Given material: Begin

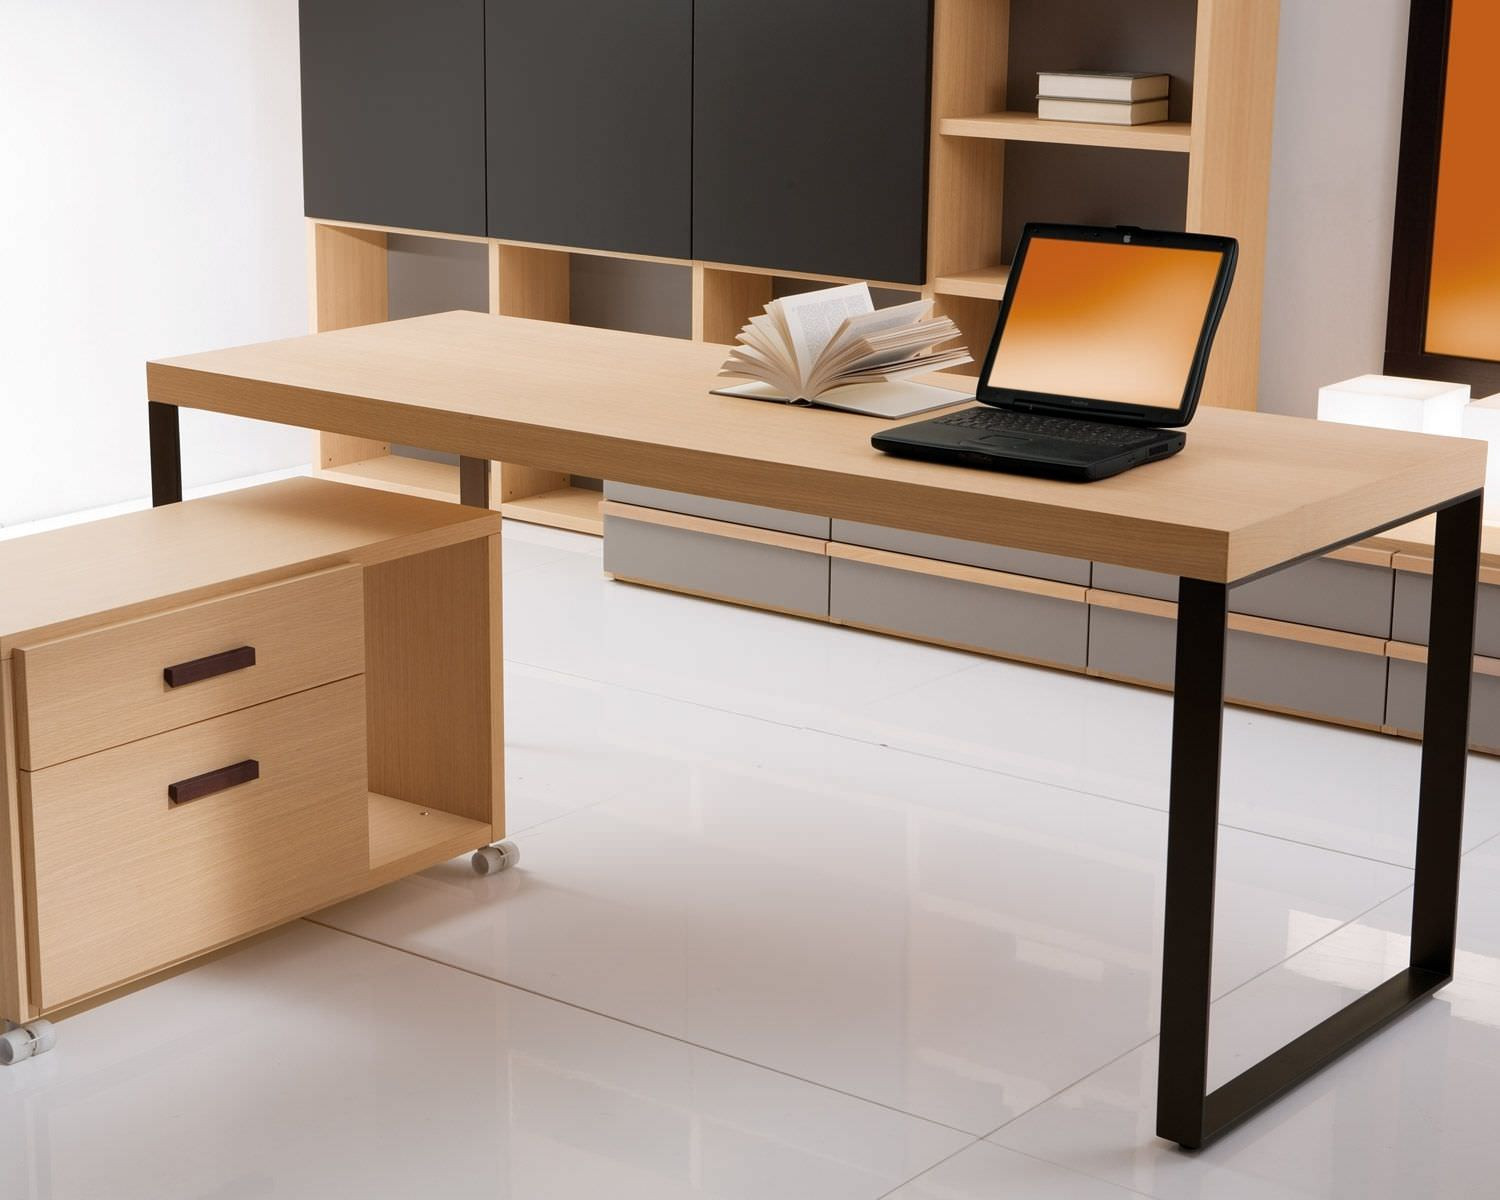 Moderner Schreibtisch
 Moderne Schreibtische zu Hause
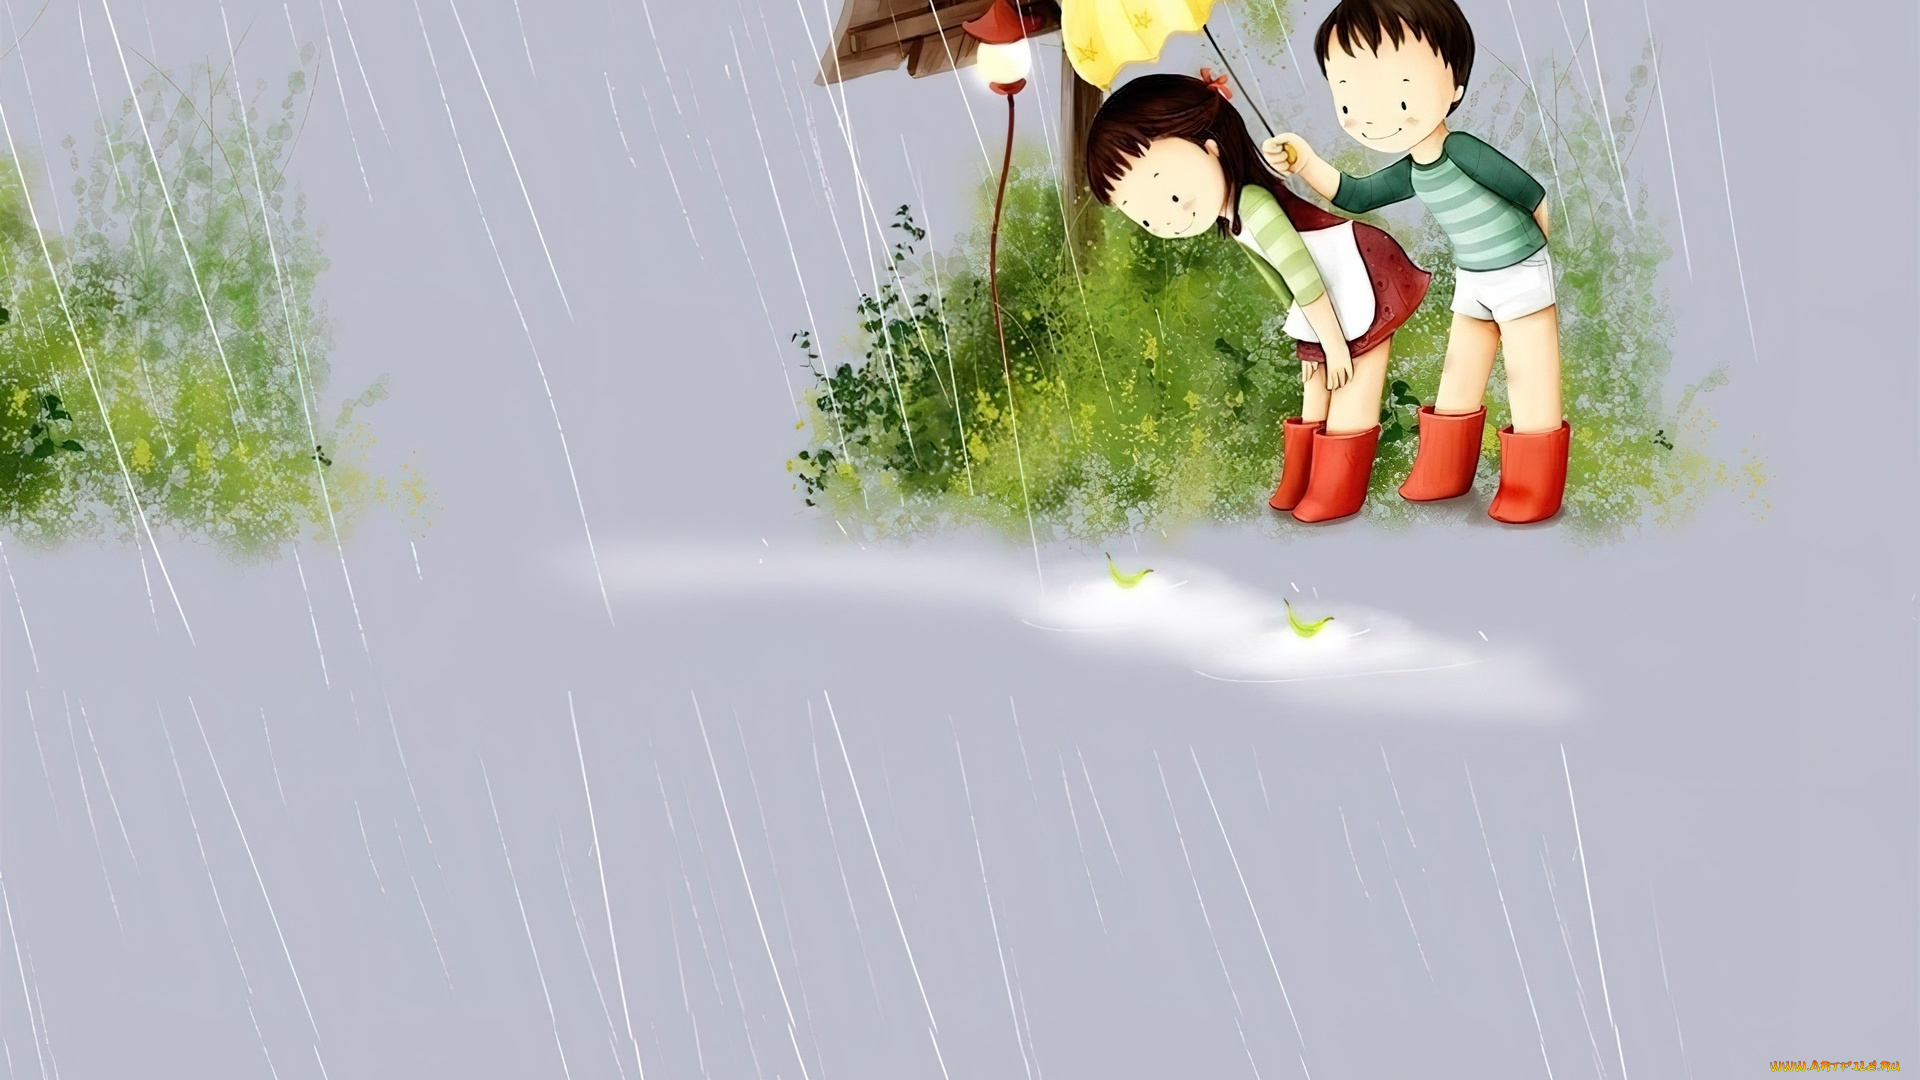 рисованное, дети, мальчик, девочка, зонт, дождь

Given material: End

Copy the lines above exactly and exclude every image.

> **Answer box**:
 Moderner Schreibtisch
 Moderne Schreibtische zu Hause
 рисованное, дети, мальчик, девочка, зонт, дождь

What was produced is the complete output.